Reverse mortgages are home equity loans for senior homeowners. The loan does not require any monthly payments since it is pegged on the value of their property. Payments are due when the owner moves out or dies. For many people who choose this option, it is largely a last resort to them. If planned well, reverse mortgages can be an attractive retirement tool for its beneficiaries. The first mortgage of this nature that was backed by the federal government was issued in 1989. It is open for people who are at least 62 years old.
How Does It Work?
In a reverse mortgage, the loan taps into the equity held in your property. These payments do not attract any taxation. Provided that you still reside on the property, there is no obligation to pay back the loan. However, loans must be repaid if the house is sold by owner, spouse, heirs, estate or relative.
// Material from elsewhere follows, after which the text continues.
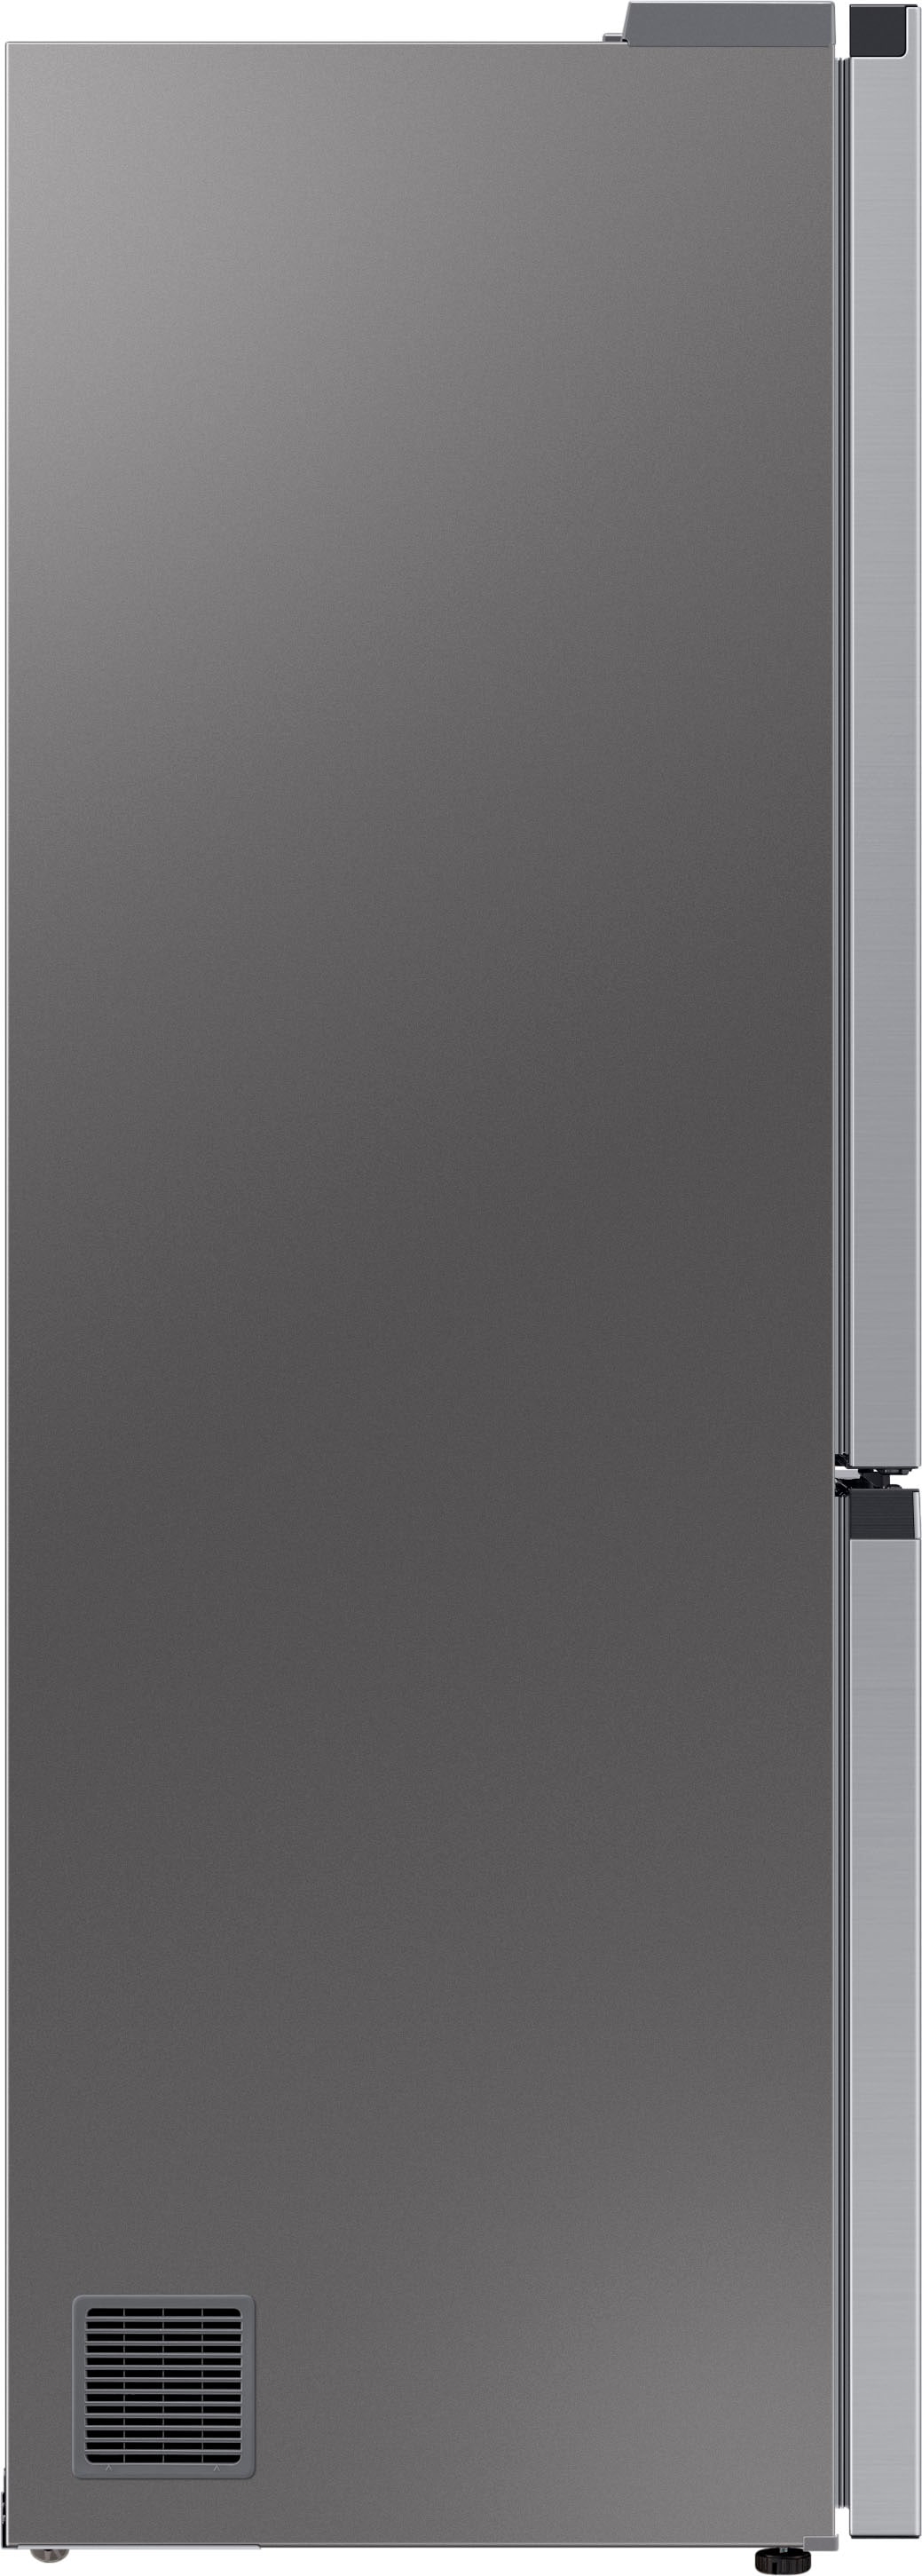 Samsung Kühl-/Gefrierkombination »RL34T600C«, RL34T600CSA, 185,3 cm hoch, 59,5 cm breit

The amount advanced to borrowers increases with seniority and is based on the youngest spouse’s age. Borrowers have the option of receiving lump sum pay-out, monthly installments, or a line of credit.
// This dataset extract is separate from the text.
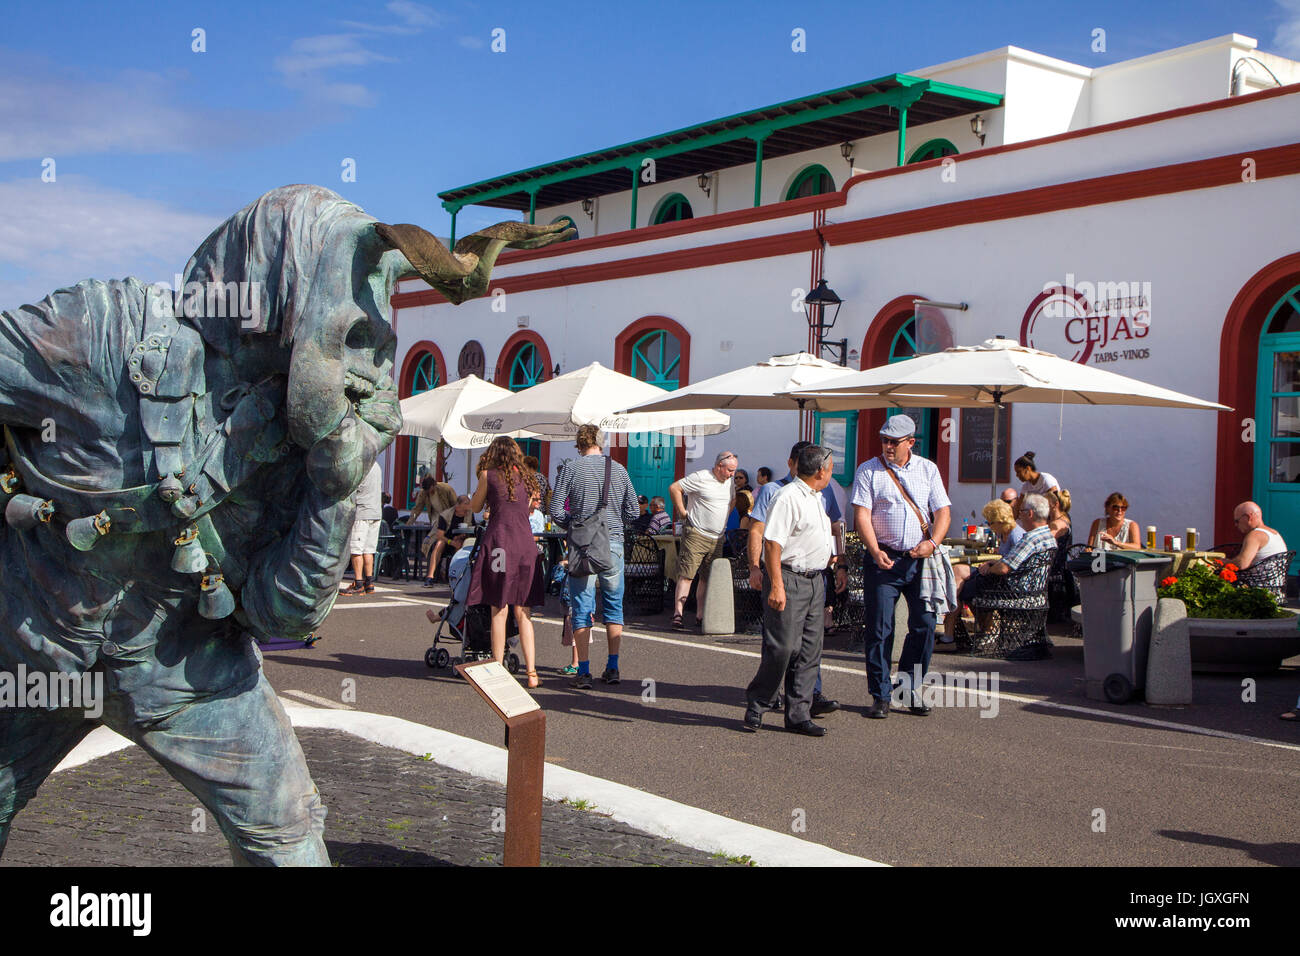 Elegua, mourir, teufelsstatue marktstaende sonntagsmarkt strassencafe und, dans Teguise, Lanzarote, kanarische inseln, europa | elegua, un diable statue, str Banque D'Images

While borrowers do not need to worry about payments as they live in the house, the payment is due as soon as both spouses pass away, or cannot continue living in it. In some cases, heirs sell off their property and the first proceeds go toward meeting the loan obligations. If the home value is less than the advanced loan, all the proceeds of the sale go towards the loan and it is considered paid.
Pros
- Borrowers have no obligations to make any monthly payments.
- Advanced loans can settle sudden bills or pay debts.
- The money could be used to pay the existing mortgage.
- The senior can improve their cash flow significantly.
Cons
- Reverse mortgages are expensive.
- Borrowers have to maintain home insurance, keep the property maintained, and pay relevant taxes.
- It makes it complicated for those who wish to leave the house with the family members.
What Next?
If you have chosen to explore the option of reverse mortgages, there are plenty of options available. You can have the loan amount transferred as a lump sum payment, as a line of credit, or as monthly installments. The line of credit allows you to choose the amount you want and when to receive it. The Federal Housing Administration has a limit of $636,150 or a lower appraised value. In any case, you must own the home or have a low mortgage balance to qualify. Finally, the home in question must be your primary residence.